To both of these recommendations, defendant states that it “acknowledges the Honorable Magistrate's findings that Plaintiff's complaint demonstrates that Plaintiff's claims are based on state law (see Dkt. 191 at 12-13) and that Plaintiff itself has asserted, both in pleadings and on record[, ] that it is not seeking federal claims (see e.g. Dkt. 124 at ¶ 8).” Docket No. 195 at 9. Defendant also states that it “acknowledges [the Court's] findings disallowing ‘plaintiff's state law claims to include federal claims and remedies for the purpose of the discovery dispute.'” Id. (quoting Docket No. 190 at 4-5). These statements do not amount to an objection of the magistrate judge's recommendation and are not proper objections warranting de novo review. See 2121 E. 30th St., 73 F.3d at 1059. The Court has reviewed the non-objected portions of the recommendation to satisfy itself that there is “no clear error on the face of the record.” Fed.R.Civ.P. 72(b), advisory committee notes. Based on this review, the Court concludes that this portion of the recommendation is a correct application of the facts and the law.

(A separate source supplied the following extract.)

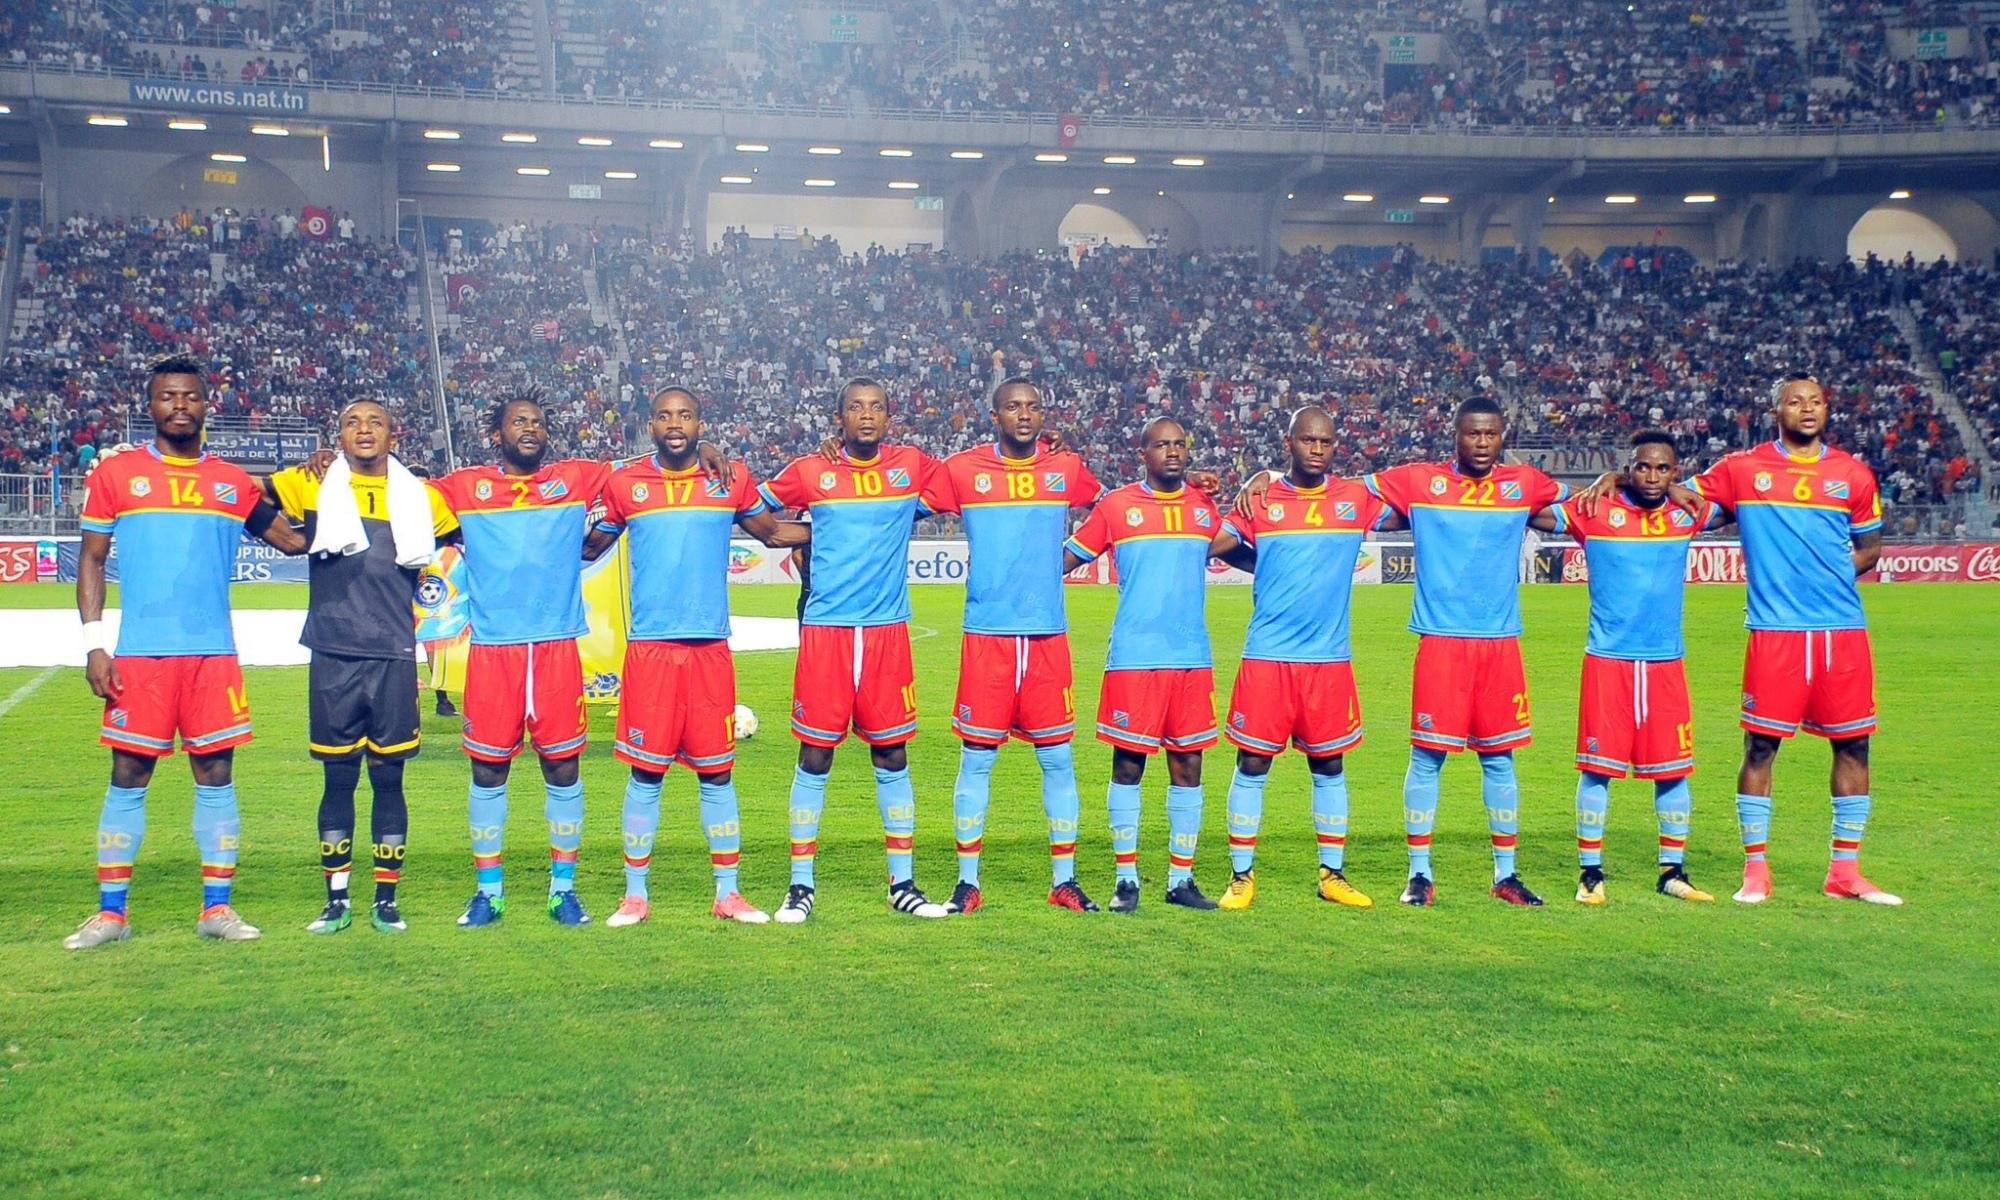 éopard Leader Foot (LLF en sigle) un média sportif dédié au football congolais fondé en 2013. L'actualité du football congolais est détaillée et analysée. Interviews, reportages et rubriques divers et variés sont au programme.

Defendant's objections also discuss the issue of prejudice, specifically that it would not be prejudicial to plaintiff for defendant to amend its affirmative defenses, since plaintiff knew the information that forms the basis of defendant's proposed amendments, but that it would be prejudicial for defendant not to be permitted to amend. Docket No. 195 at 9. The Court declines to address the issue of prejudice because defendant's failure to show good cause under Rule 16(b) is dispositive. Birch, 812 F.3d at 1247 (noting that a party seeking leave to amend must show both good cause under Rule 16(b) and lack of prejudice under Rule 15(a)); see also Gorsuch, 771 F.3d at 1241.
IV. CONCLUSION
For the foregoing reasons, it is
ORDERED that the Order and Recommendation of United States Magistrate Judge [Docket No. 191] is ACCEPTED. It is further
ORDERED that Defendant's Rule 72 Objection to the Honorable Magistrate Judge Nina Y. Wang's May 5, 2021 Order and Recommendation [Docket No. 195] is OVERRULED. It is further
ORDERED that Defendant's First Motion for Leave to Amend Its Affirmative Defenses to Plaintiff's Complaint Based on New Information Never Previously Disclosed by Plaintiff [Docket No. 104] is GRANTED in part and DENIED in part. It is further
ORDERED that defendant may file an amended pleading to add affirmative defenses based on the Chapter 7 bankruptcy on or before August 31, 2021.